We present a hierarchical safe auto-taxiing framework to enhance the automated ground operations of multiple unmanned aircraft systems (multi-UAS). The auto-taxiing problem becomes particularly challenging due to (i) unknown disturbances, such as crosswind affecting the aircraft dynamics, (ii) taxiway incursions due to unplanned obstacles, and (iii) spatiotemporal conflicts at the intersections between multiple entry points in the taxiway.

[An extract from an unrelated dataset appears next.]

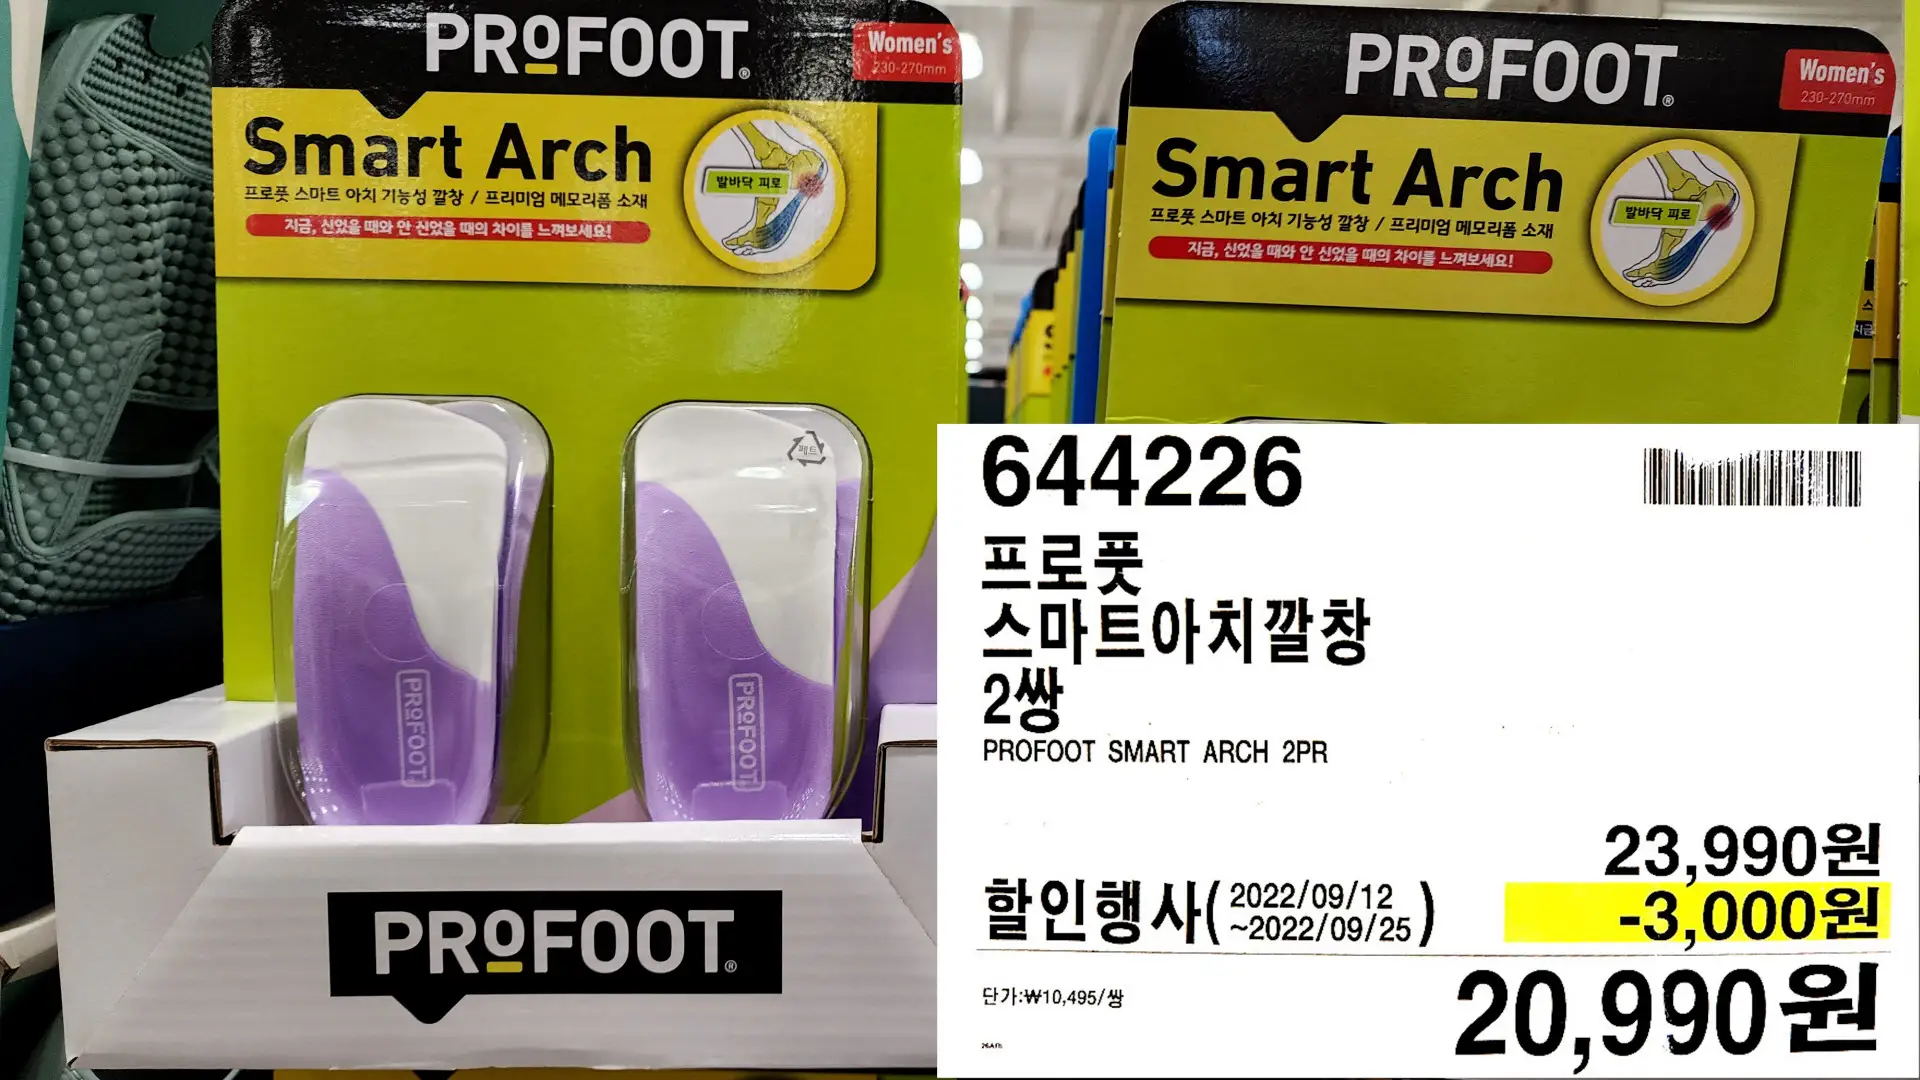 프로풋
스마트아치깔창
2쌍
PROFOOT SMART ARCH 2PR
20&#44;990원

To address these issues, we propose a hierarchical framework, i.e., SAFE-TAXI, combining centralized spatiotemporal planning with decentralized MPC-CBF-based control to safely navigate the aircraft through the taxiway while avoiding intersection conflicts and unplanned obstacles (e.g., other aircraft or ground vehicles). Our proposed framework decouples the auto-taxiing problem temporally into conflict resolution and motion planning, respectively. Conflict resolution is handled in a centralized manner by computing conflict-aware reference trajectories for each aircraft. In contrast, safety assurance from unplanned obstacles is handled by an MPC-CBF-based controller implemented in a decentralized manner. We demonstrate the effectiveness of our proposed framework through numerical simulations and experimentally validate it using Night Vapor, a small-scale fixed-wing test platform.

翻译：本文提出了一种分层式安全自主滑行框架，旨在增强多无人机系统的自动化地面运行能力。自主滑行问题因以下因素而变得尤为复杂：(i) 未知扰动（如侧风对飞机动力学的影响），(ii) 非计划障碍物导致的跑道侵入，以及(iii) 滑行道多个入口交汇处产生的时空冲突。为解决这些问题，我们提出了一个分层框架SAFE-TAXI，它将集中式时空规划与基于模型预测控制-控制屏障函数的分散式控制相结合，使飞机能够在避免交叉口冲突和非计划障碍物（如其他飞机或地面车辆）的同时安全通过滑行道。该框架在时间上将自主滑行问题解耦为冲突消解和运动规划两个层面。冲突消解以集中式方式处理，通过为每架飞机计算冲突感知的参考轨迹实现；而针对非计划障碍物的安全保证，则由以分散式方式实现的基于模型预测控制-控制屏障函数的控制器处理。我们通过数值仿真验证了所提框架的有效性，并利用小型固定翼测试平台Night Vapor进行了实验验证。